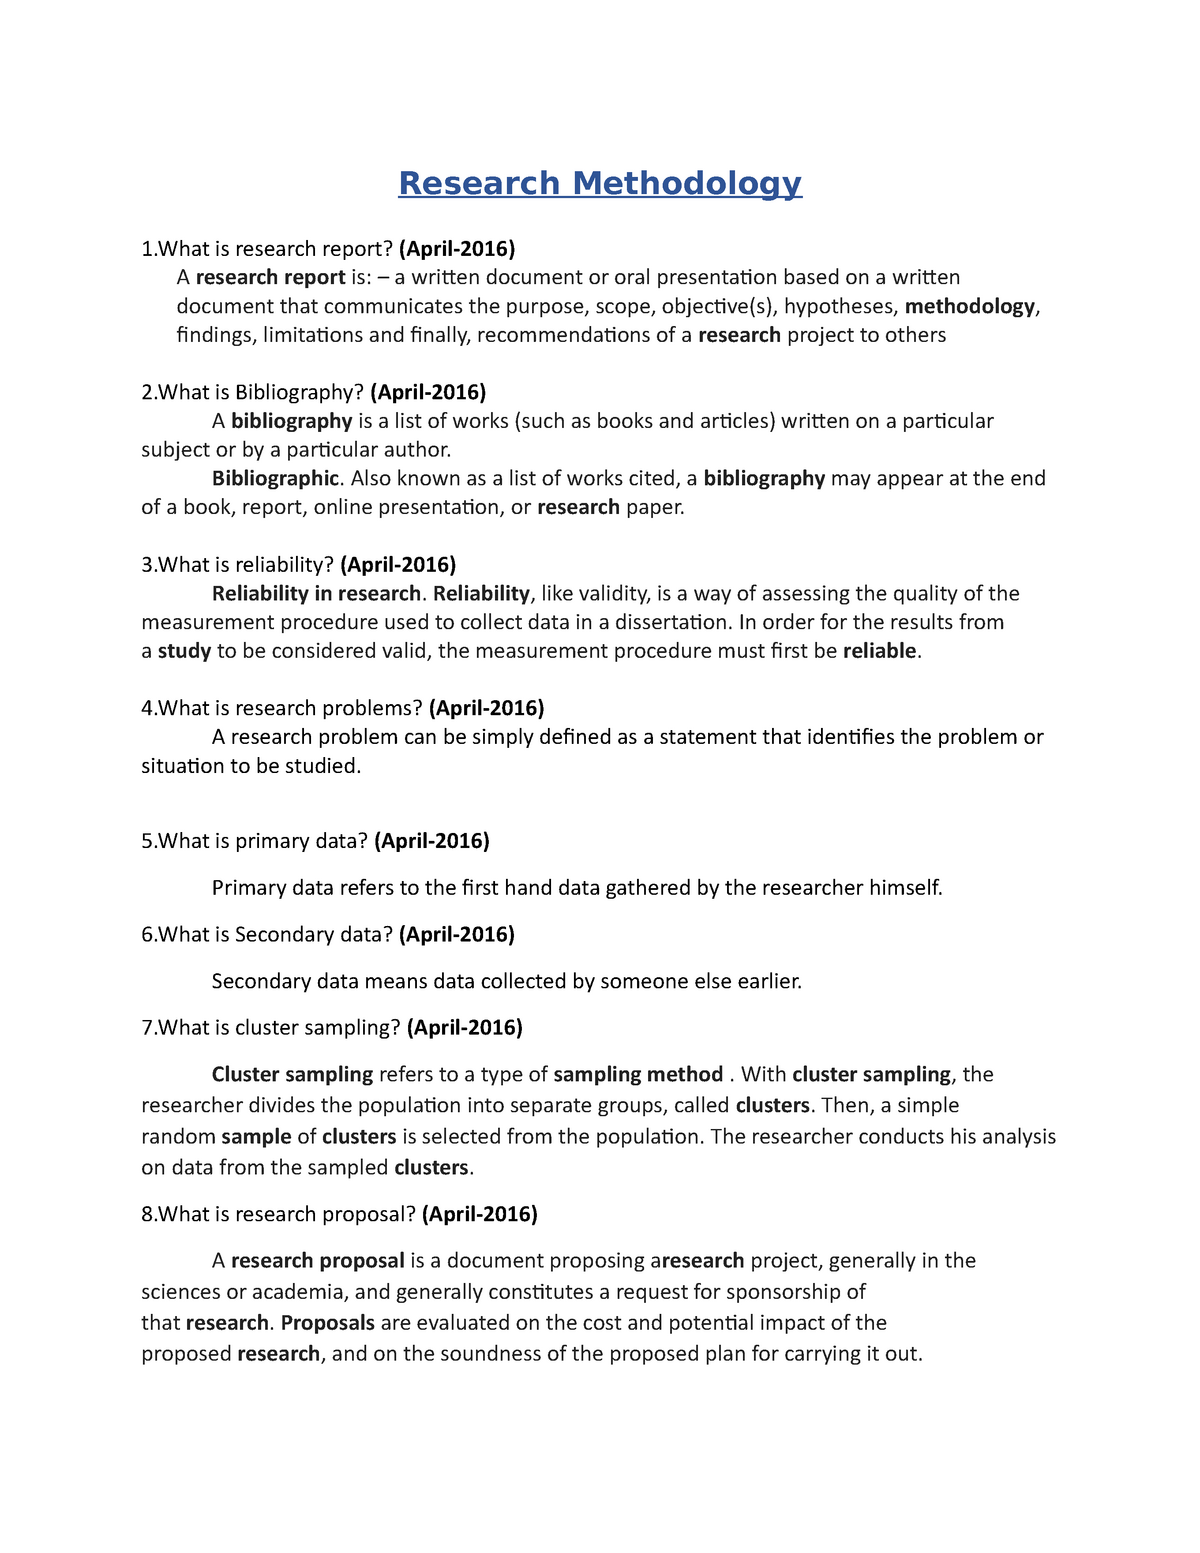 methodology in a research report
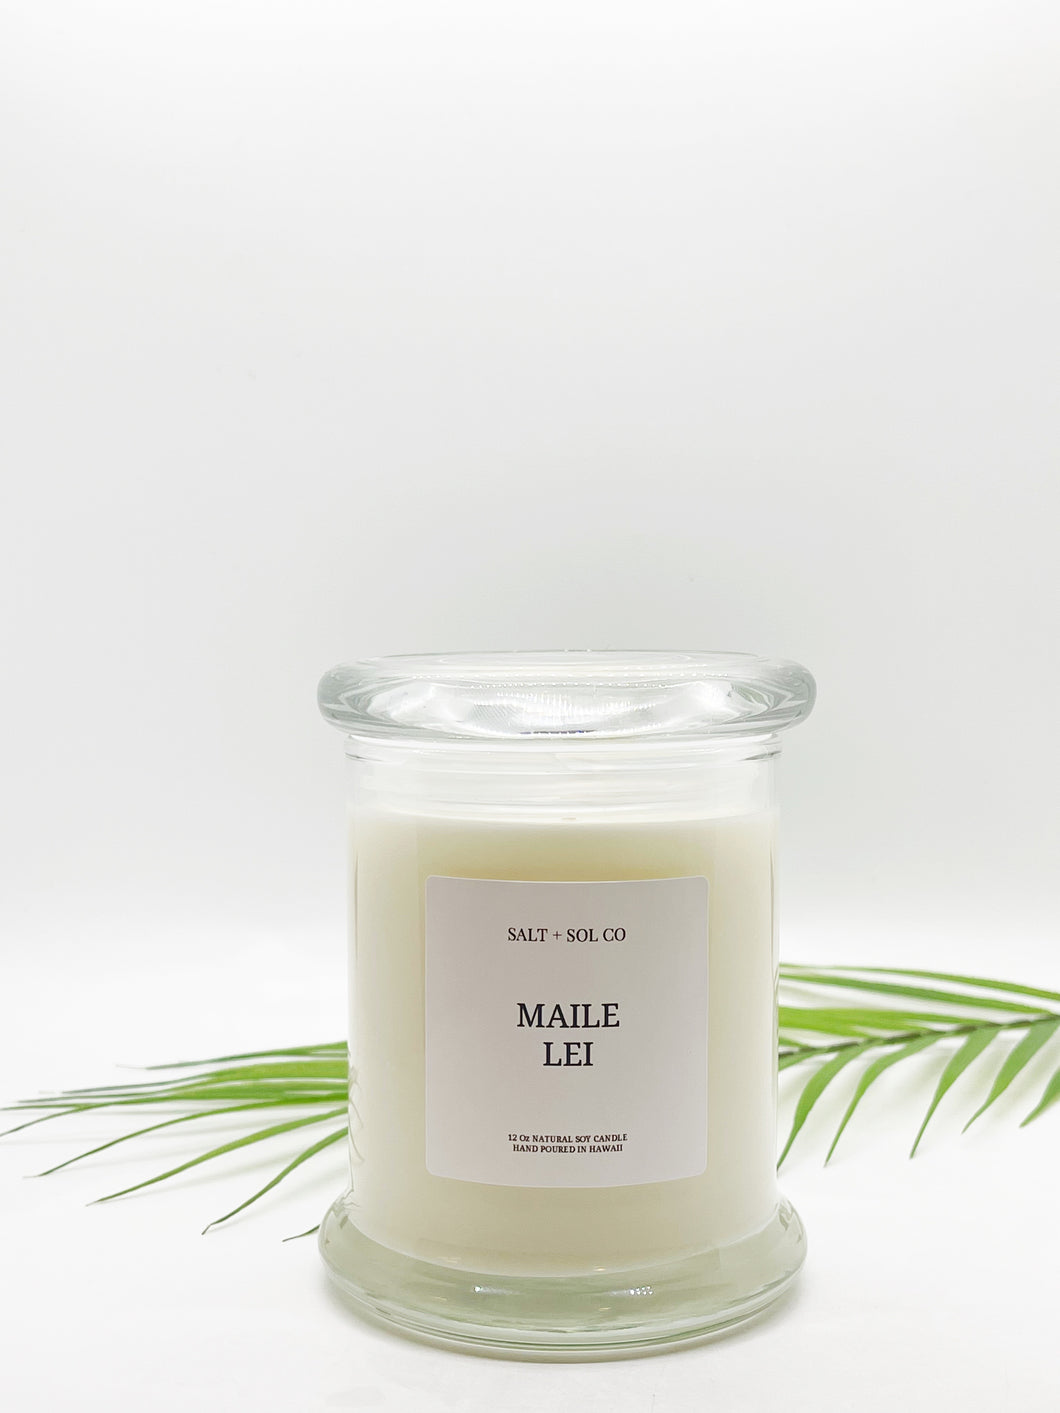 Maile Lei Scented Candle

--------------------------------------------------

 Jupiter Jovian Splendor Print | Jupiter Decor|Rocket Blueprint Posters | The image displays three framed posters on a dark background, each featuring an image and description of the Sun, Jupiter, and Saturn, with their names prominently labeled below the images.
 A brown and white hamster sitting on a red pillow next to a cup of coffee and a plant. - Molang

--------------------------------------------------

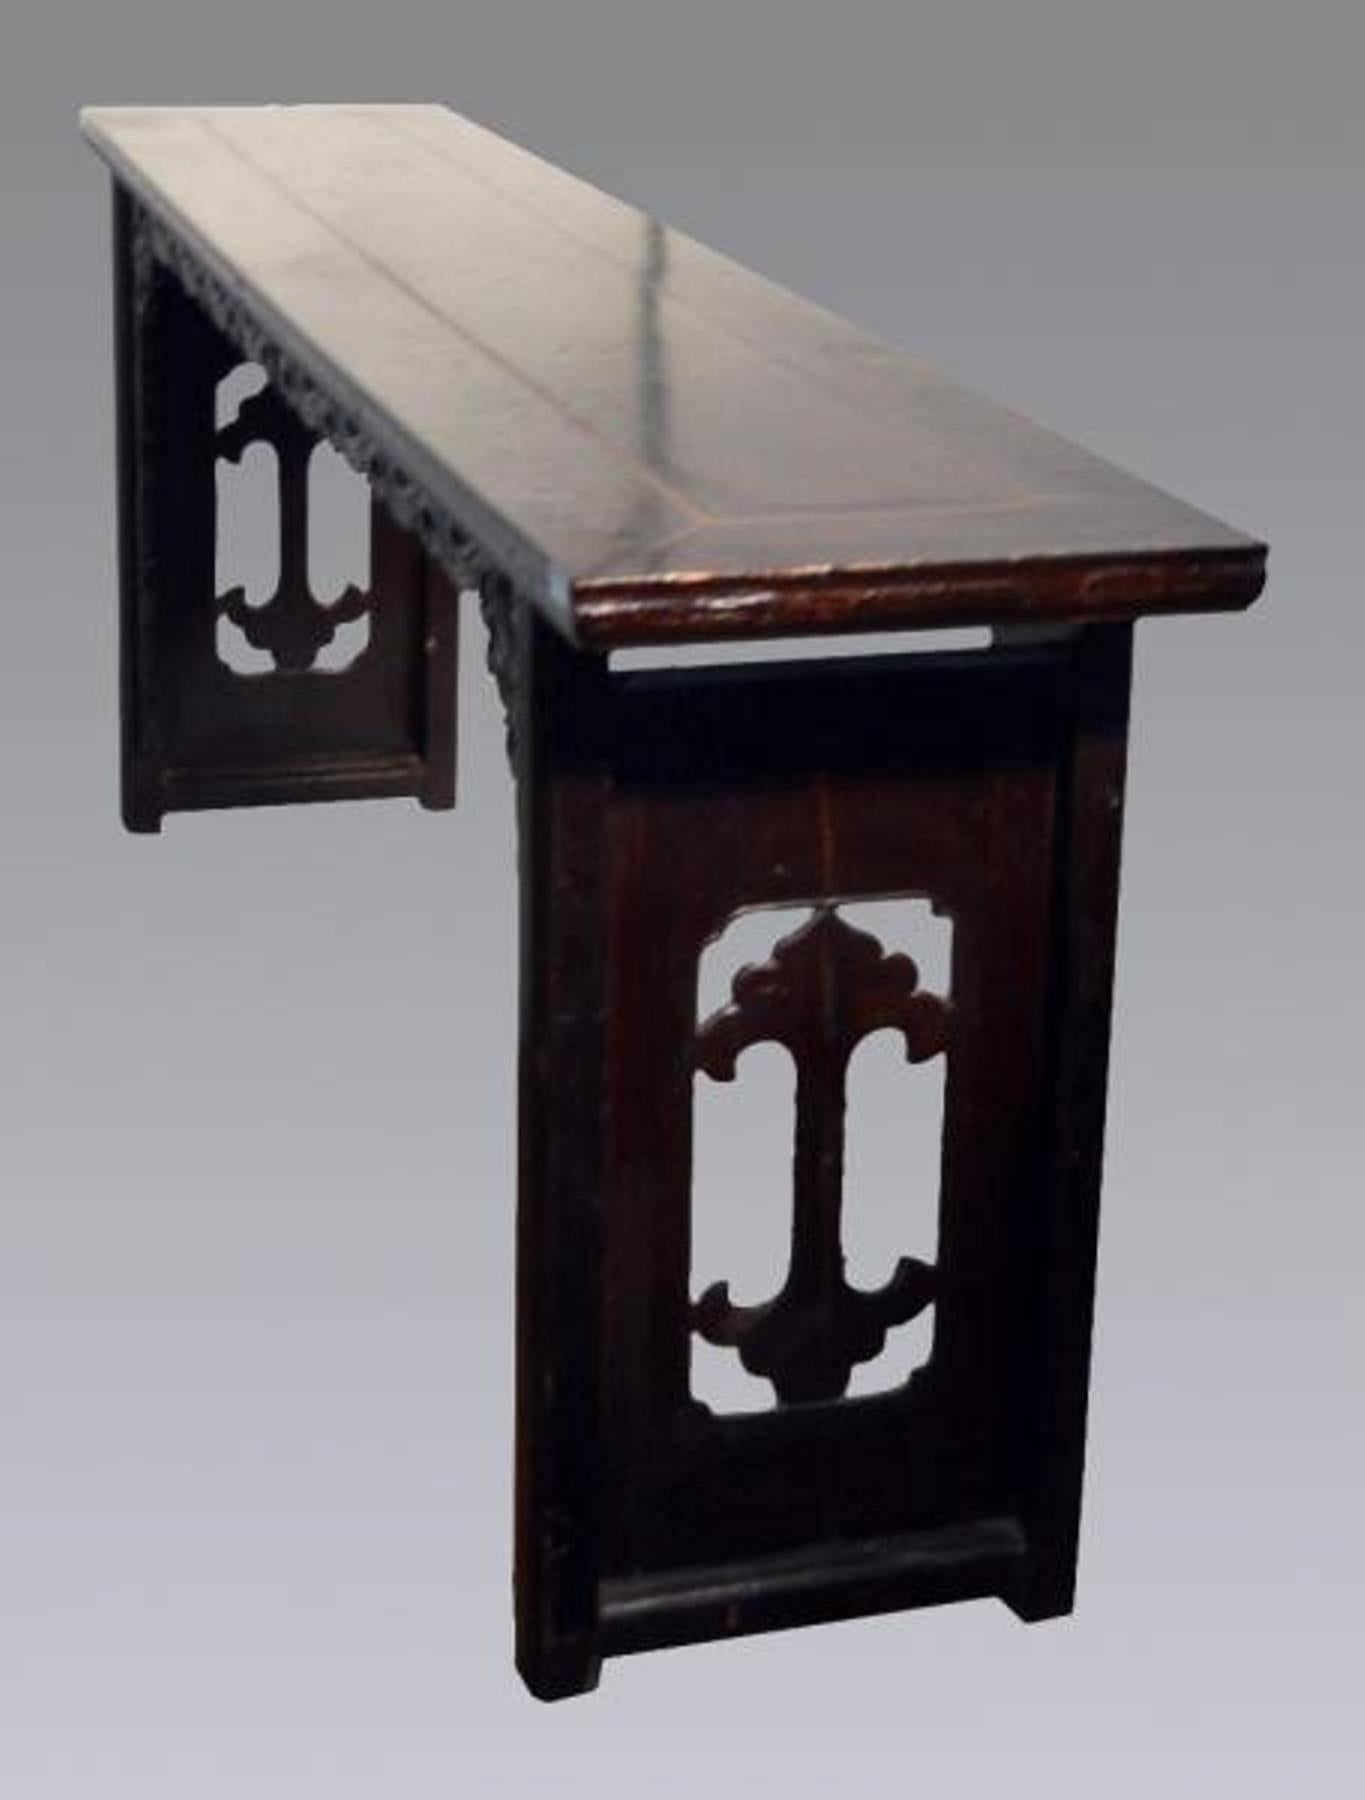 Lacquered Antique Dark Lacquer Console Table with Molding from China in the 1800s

--------------------------------------------------

> [THE PROBLEM]:
Copy out precisely the lines from the line with "Jupiter Jovian Splendor" to the line with "A brown and" in the material above, including those two lines and omitting all the rest.

> [EXERCISE RESULT]:
 Jupiter Jovian Splendor Print | Jupiter Decor|Rocket Blueprint Posters | The image displays three framed posters on a dark background, each featuring an image and description of the Sun, Jupiter, and Saturn, with their names prominently labeled below the images.
 A brown and white hamster sitting on a red pillow next to a cup of coffee and a plant. - Molang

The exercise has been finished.